My mental checklist ticked all these boxes. Could it be possible that I was actually suffering from an illness? I shook my head. Illnesses are when you have asthma, cancer or the flu. Feeling down couldn't be an illness that could be treated could it? I decided to take the fresher guide advice and booked an appointment with one of the counsellors.
That first hour with the counsellor changed my life. She told me that what I was feeling could and would be treated. I let out everything that I was feeling and she assured me that from here on in that I would get better.
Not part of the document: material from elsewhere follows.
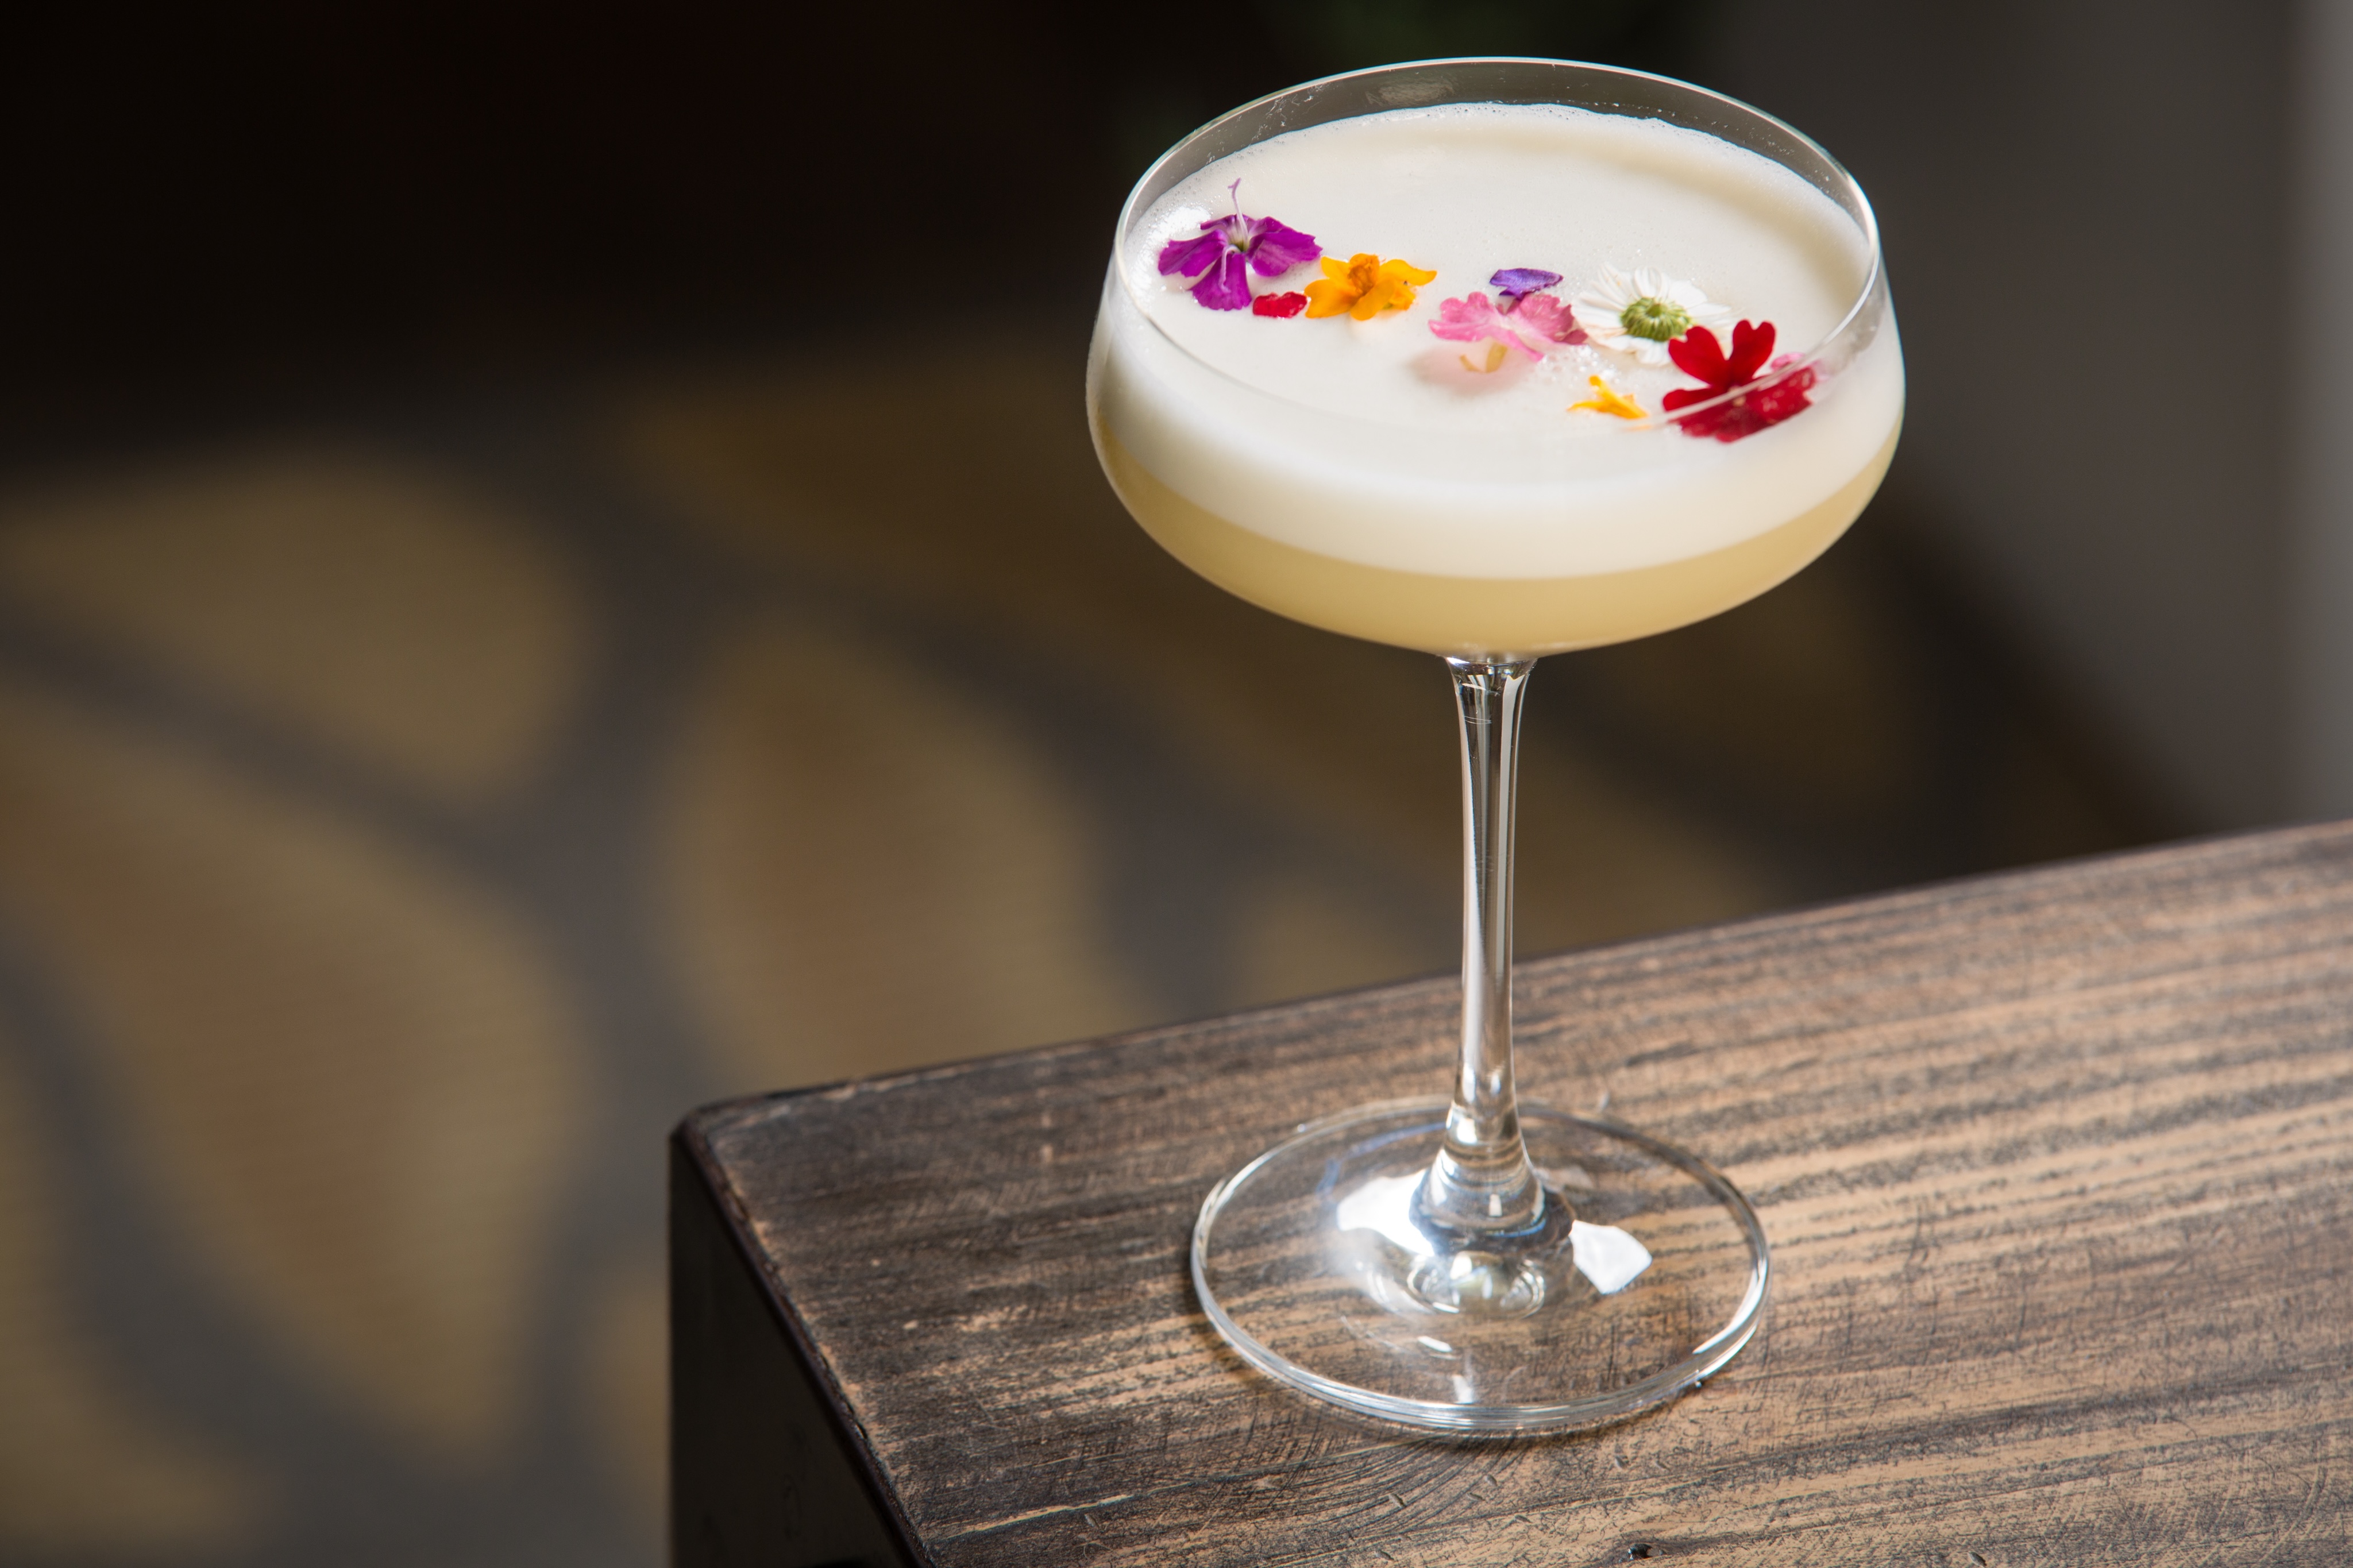 A coupe glass filled with a creamy white cocktail, garnished with colorful edible flowers, placed on a wooden surface - perfect for an enchanting treehouse happy hour.

She wasn't lying. I started on a course of anti-depressants and with regular visits to the psychologist I became a new person. I discovered that lots of students feel exactly the same way I do.

Within a month of talking to the counsellor I was able to concentrate on my study and get a good night’s sleep. I slowly started to build up my confidence and to realise that I may have been surrounded by girls that were smarter, prettier and funnier then me, but I was the only me. No one could be a better Elisa O' Donovan than me and it was up to me to make her the best she could be.

The psychologist explained to me that many people suffer from depression after a life altering experience. For some people, this may be a death in the family, but for me it was leaving home and starting college. The worst thing for me about my depression was the isolation I experienced. I felt isolated because I was ashamed and embarrassed to tell anyone how I was feeling. However, the more I let it fester the worse and worse my depression got. Like any illness that is left untreated, it only got worse.

I hope that anyone who reads this and feels the way I did will know that they are not alone in what they are feeling. Lots of students on campus right now are feeling how you are feeling. Please don't let it fester like I did. Talk to the welfare officer or one of the counsellors. They are there to help you and to get you feeling better about yourself again.

Now I'm heading into my third year of medicine, with an abundance of friends who care about me. My life still isn't the teen Hollywood film I thought it would be (I'm still looking for the hunky star quarterback to sweep me off my feet) but it’s my life and I'm enjoying every minute of it.